Best practice resources
Best-practice data resources minimally use Unicode and are in a consistent XML format with an accompanying XML Schema or DTD. In addition, it is recommended that such resources utilize one of the many formats suggested by the E-MELD School of Best Practice.
A profile minimally consists of a mapping of terms used in the data source document to concepts in the ontology. We refer to this as a terminology mapping. A terminology mapping document is a simple set of terms, a termset, linked to concepts in the ontology. A terminology mapping has these minimal requirements:
- Each term is represented only once.
- Each term is defined by its relationship to one or more concepts.
- The terminology mapping document must uniquely identify the resource or resources that contain the concepts that each term references. (Valid resource types include ontologies and profiles.)
Beyond terminology mappings, a profile may include a grammatical sketch of the language in question, e.g., an enumeration of the possible features in the grammatical system.
Legacy resources are given in unstructured formats such as HTML and text documents and proprietary formats, e.g., Microsoft Word, which cannot be read in the absence of special software that may not always be supported.
Legacy mapping resources
Legacy mapping resources map legacy materials to descriptive profiles. This methodology provides a short-cut when the entire legacy resource cannot be converted to a best-practice format. Instead, the most important aspects of the resource, e.g., a partial grammatical description, are captured.
Once a framework for best-practice data is in place, the real advantages of the GOLD Communty emerge, as data can be transformed into knowledge. The following figure shows GOLD in relation to various other knowledge components: at the right is an OWL version of an upper ontology (e.g., SUMO or DOLCE); at the middle level is GOLD itself which is actually a network of separate OWL files extending the upper ontology via the subclass relation; towards the left are various Community of Practice Extension (COPE) resources which extend GOLD via the subclass relation into the various theory- or language-specific subdomains; and finally, on the extreme left is the RDF store consisting of instantiated best-practice resources.
Figure 2: The Knowledge Components of the GOLD Community.
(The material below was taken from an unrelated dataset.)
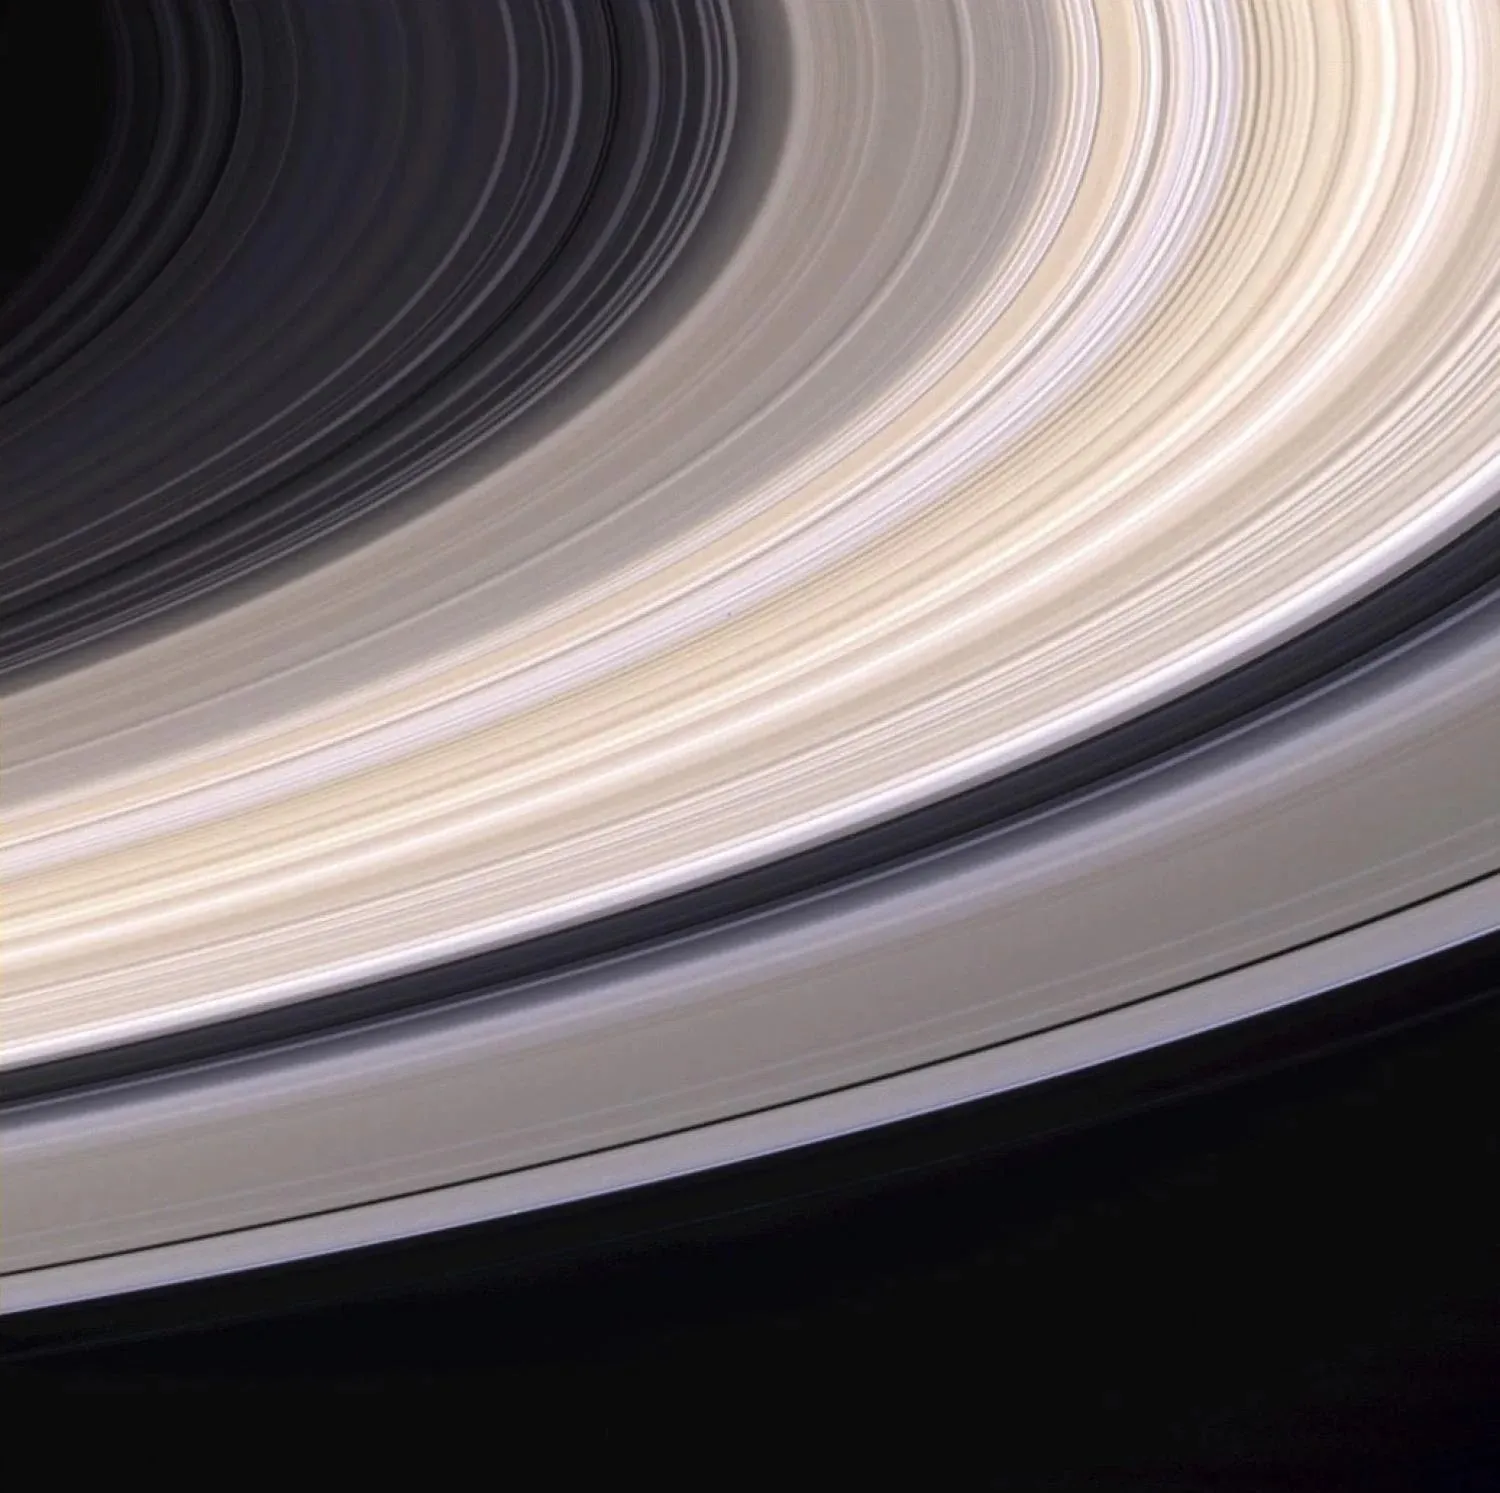 土星环的条纹颜色可能来自于被困在环冰中的少量杂质所造成。Saturn's rings may get their striated colors from the small concentrations of contaminates that become trapped in the rings' ice. (Credit: NASA/JPL/Space Science Institute)

Community of practice extensions
COPEs are essentially sub-ontologies that extend GOLD. COPEs provide two main benefits for the GOLD Community. First, they provide the means to create 'communities of practice', the community of consensus formed around specific terminologies and services. With COPEs, communities have the ability to maintain their language-specific, theory-specific, or resource-specific knowledge in discrete, manageable packets. Second, COPEs give individual communities the means to relate their work with one another by virtue of the fact that COPEs extend a single semantic resource, GOLD. A specific community, e.g., linguists concerned with Bantu languages, could create a COPE ensuring that their terminology is interoperable with a completely different community, such as American Indianists or even a community centered around the use of WordNet.
Instances: the RDF store
The RDF store consists of instantiated classes from COPEs and GOLD. The instances correspond directly to the data and annotation as expressed in best-practice XML. To be maximally useful, the RDF store can be loaded into an RDF framework (e.g., Sesame) for fast knowledge retrieval.